The themes and social commentary of The Hunger Games are mostly obvious, and Mockingjay – Part 1 has its fair share of convenient plot devices, as when Beetee (Jeffrey Wright), the engineering genius introduced in the last film, seems to have every resource at his disposal to design and manufacture special weapons for Katniss and Gale (Liam Hemsworth). Such instances feel as though they were yanked right out of a James Bond picture, with Beetee playing the role of Q. And while all of these elements come together well enough to satiate our need for excitement and escapism, it’s the movie’s patience, emotion and character reflection that really make it come alive.

Consider the scene when Katniss visits her former home in District 12 and sees for herself the devastation wreaked by the Capitol’s recent bombings.

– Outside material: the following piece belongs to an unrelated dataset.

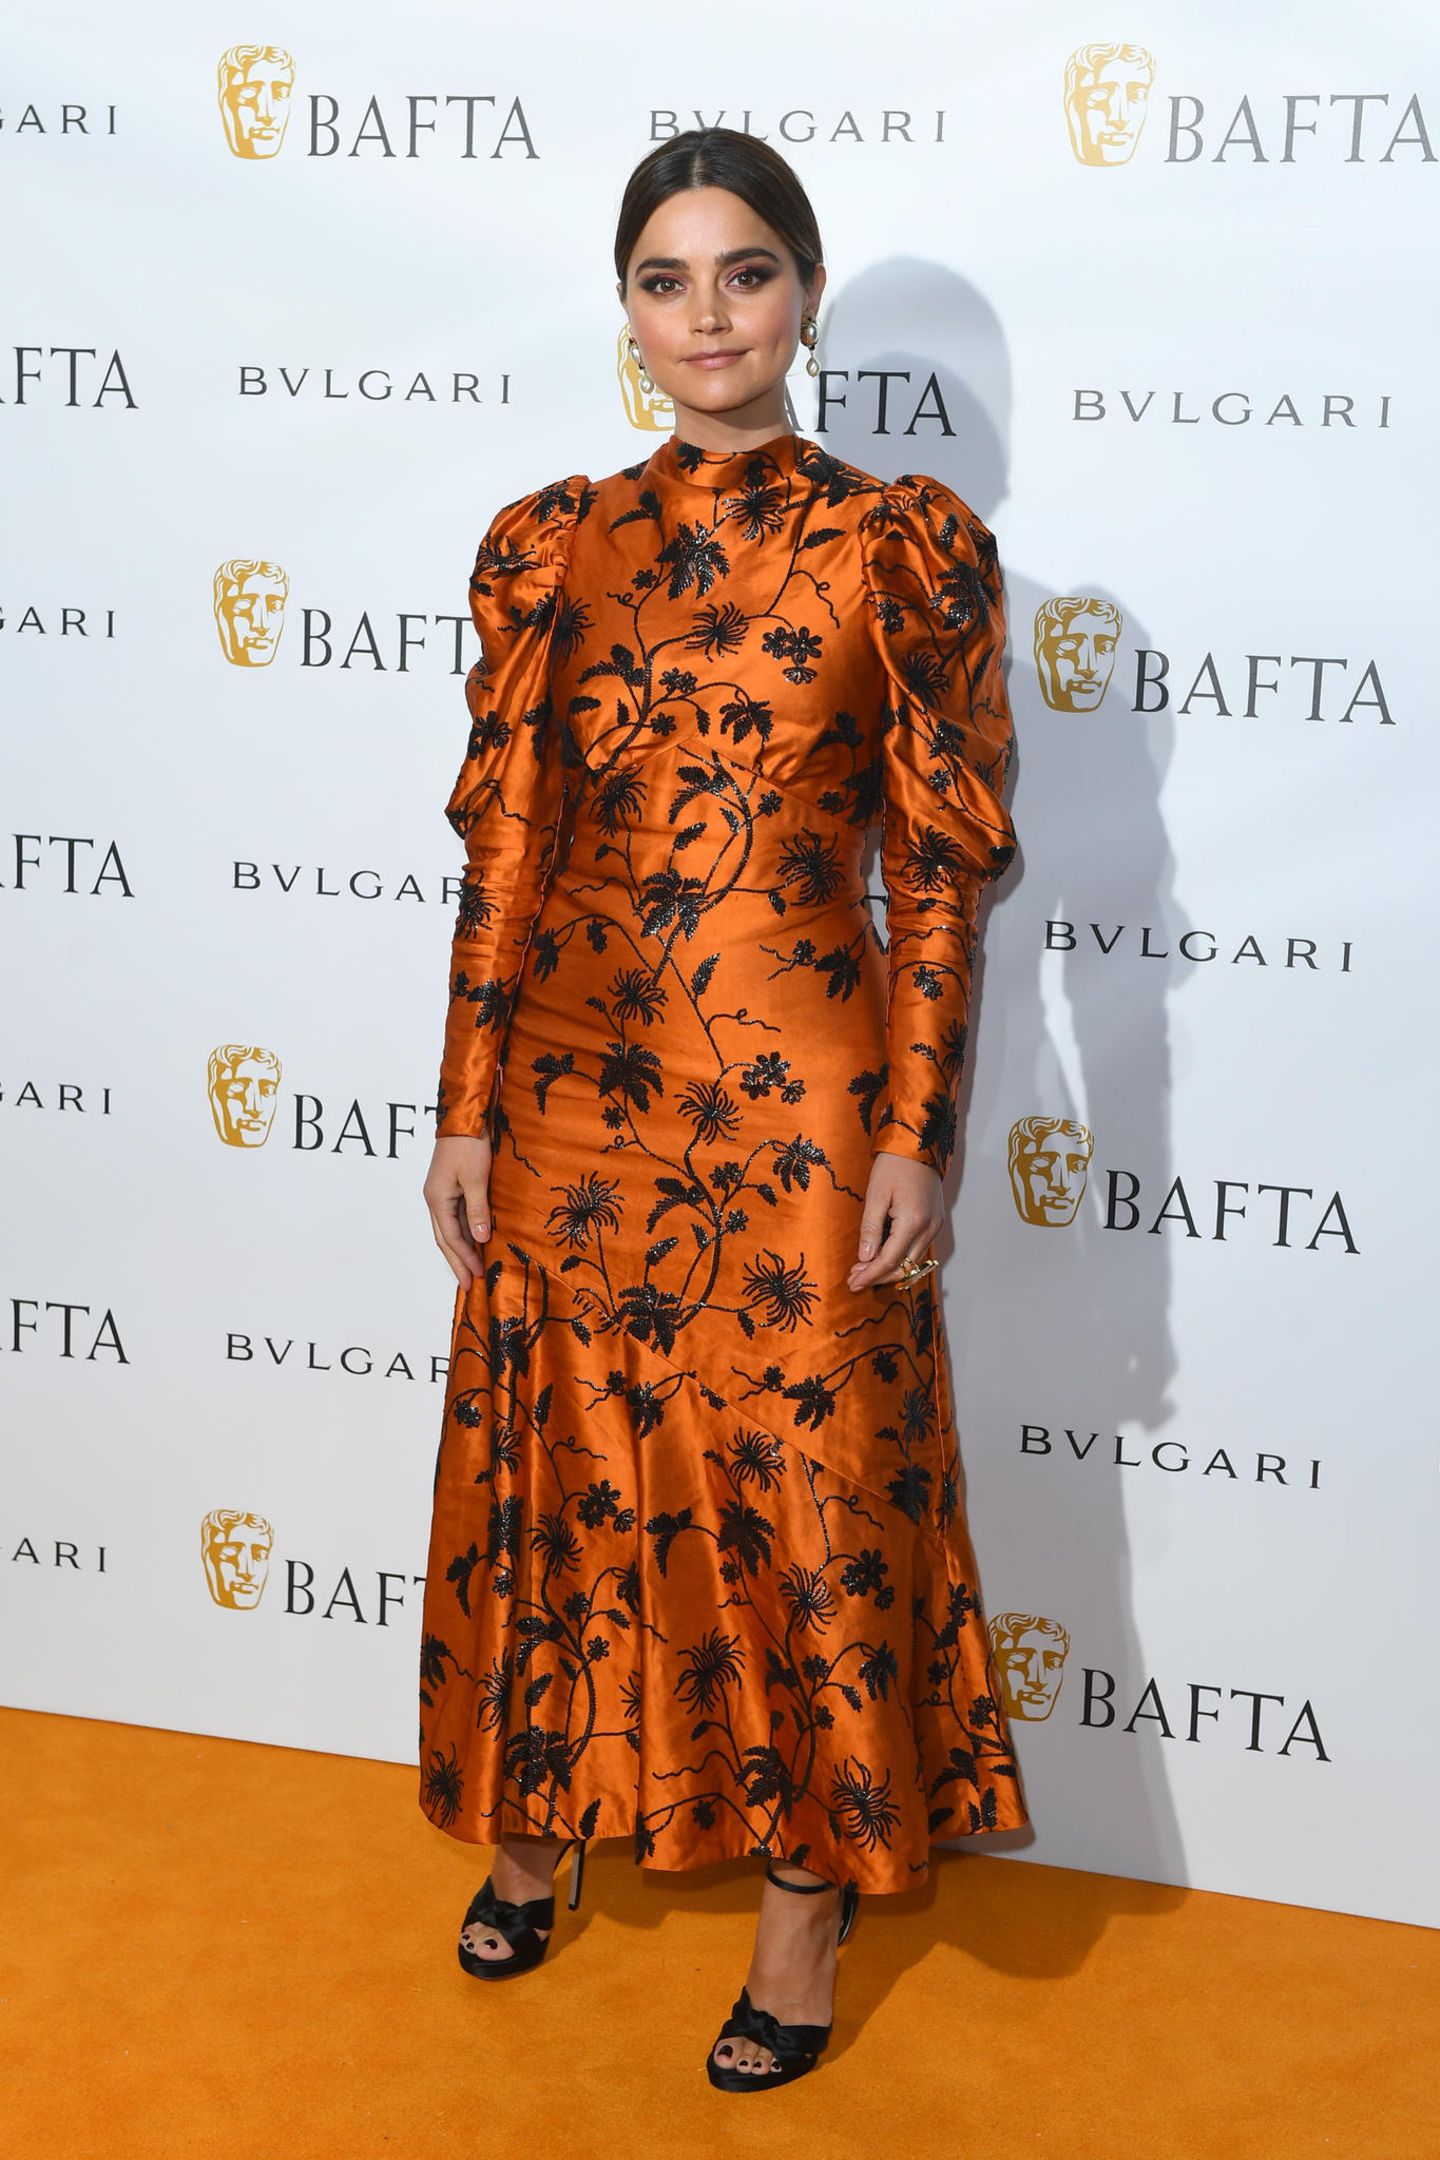 Ob das Zufall ist? Passend zum orangefarbenen Teppich, erscheint auch Schauspielerin Jenna Coleman in einer Robe mit Puffärmeln und Blumen-Muster in Orange. 

We might expect such a moment to be short-lived and simply function to provide her character the motivation to fight and take on the role of Mockingjay. And while it does do that, director Francis Lawrence lets it play out naturally and we really take in what Katniss is feeling. It helps that Jennifer Lawrence is such a superb actress, able to convey raw despair so effortlessly.

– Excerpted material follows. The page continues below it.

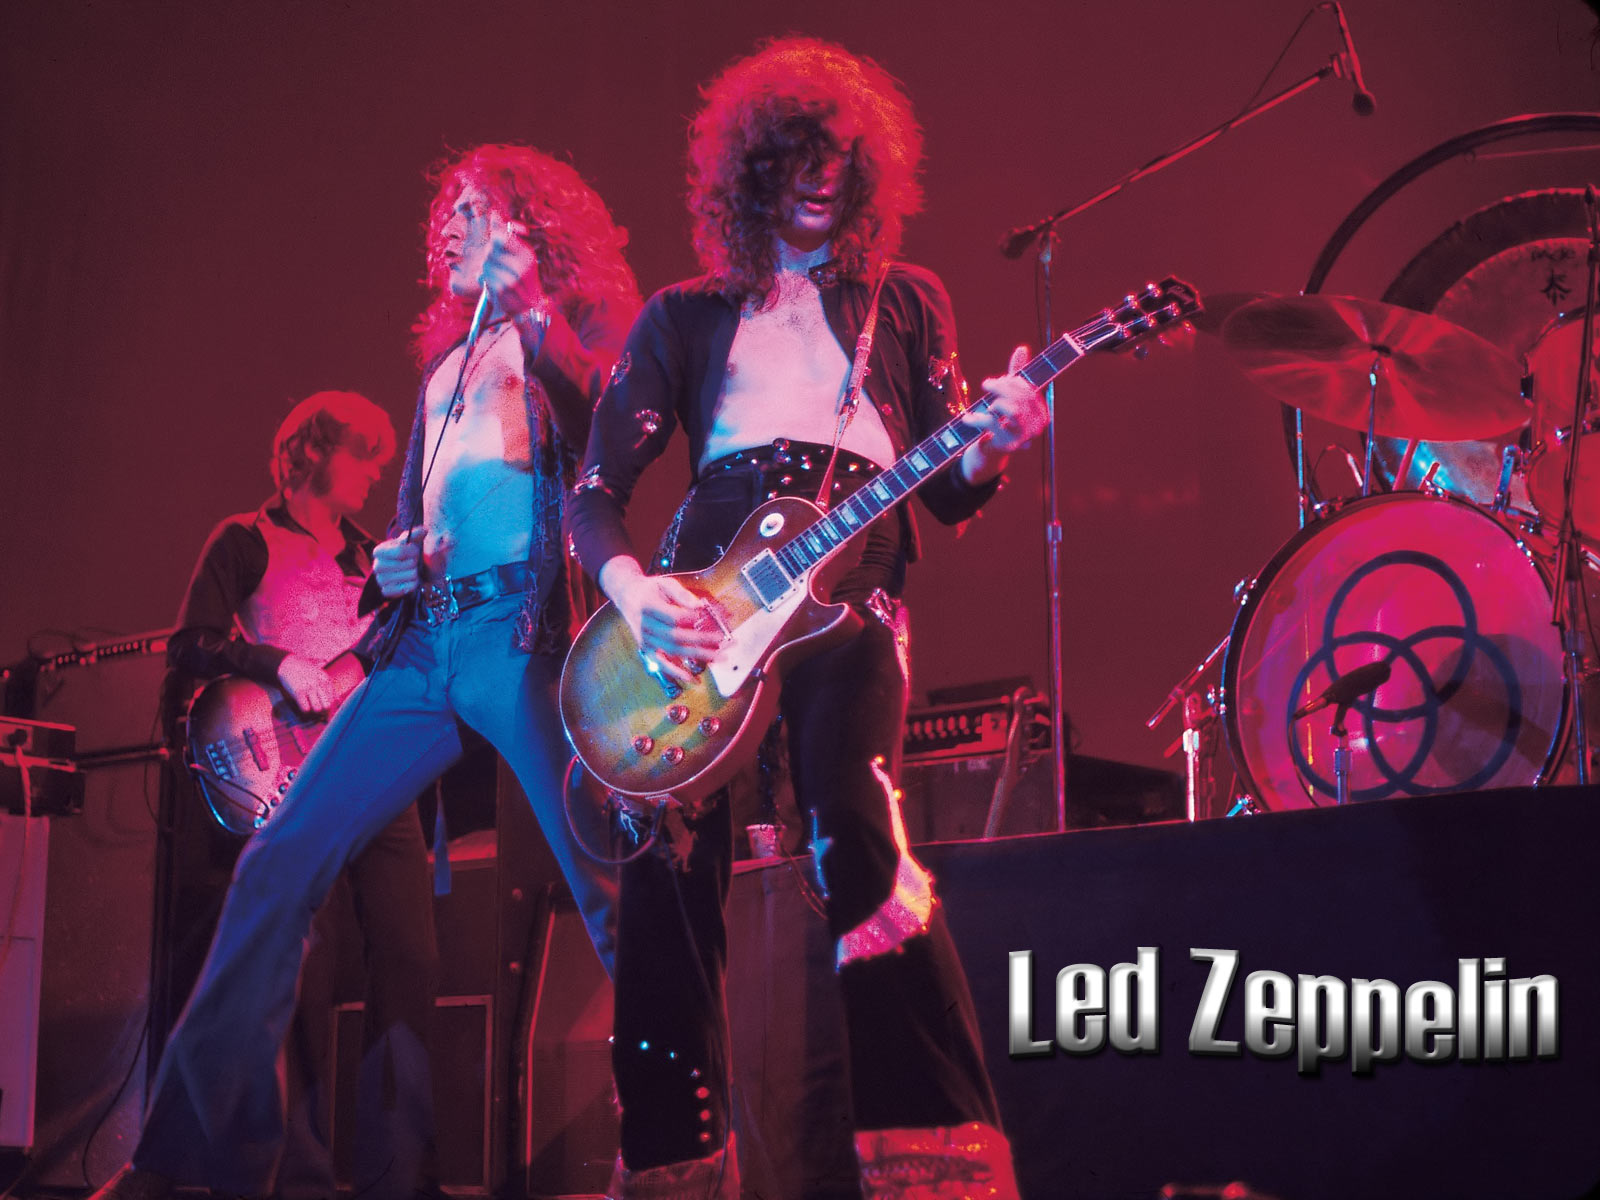 Best Led Zeppelin Photo | Wallpaperholic

Another effective sequence takes place when Katniss and Gale go hunting in the woods and she ponders whether or not she should shoot a deer. Afterward, she and Gale just sit by a river and contemplate, holding each other. It’s moments like these that give the movie weight because we gain a sense of what the characters must bear.

Just as The Deathly Hallows – Part 1 did for Harry Potter, Mockingjay – Part 1 allows The Hunger Games to cross an important threshold. It was never a happy or fanciful series to begin with, but up until now, we might have approached it as just another sci-fi action-adventure saga. Now it feels deeper and more relevant. I have a feeling many fans won’t find it as traditionally “entertaining” as its predecessors, but they shouldn’t see it as the franchise losing anything, but rather gaining more profundity. I wouldn’t go so far as to say the movie gets us to think critically about moral issues such as tyranny, class systems and violence, but we now see and feel the ramifications of such things, and so our emotional investment in the story is there. Now if Mockingjay – Part 2 can go even further and actually discuss these topics intelligently so that we’re inclined to deliberate them afterward, and not just fall back on an action climax like we expect it will, that’d be really impressive.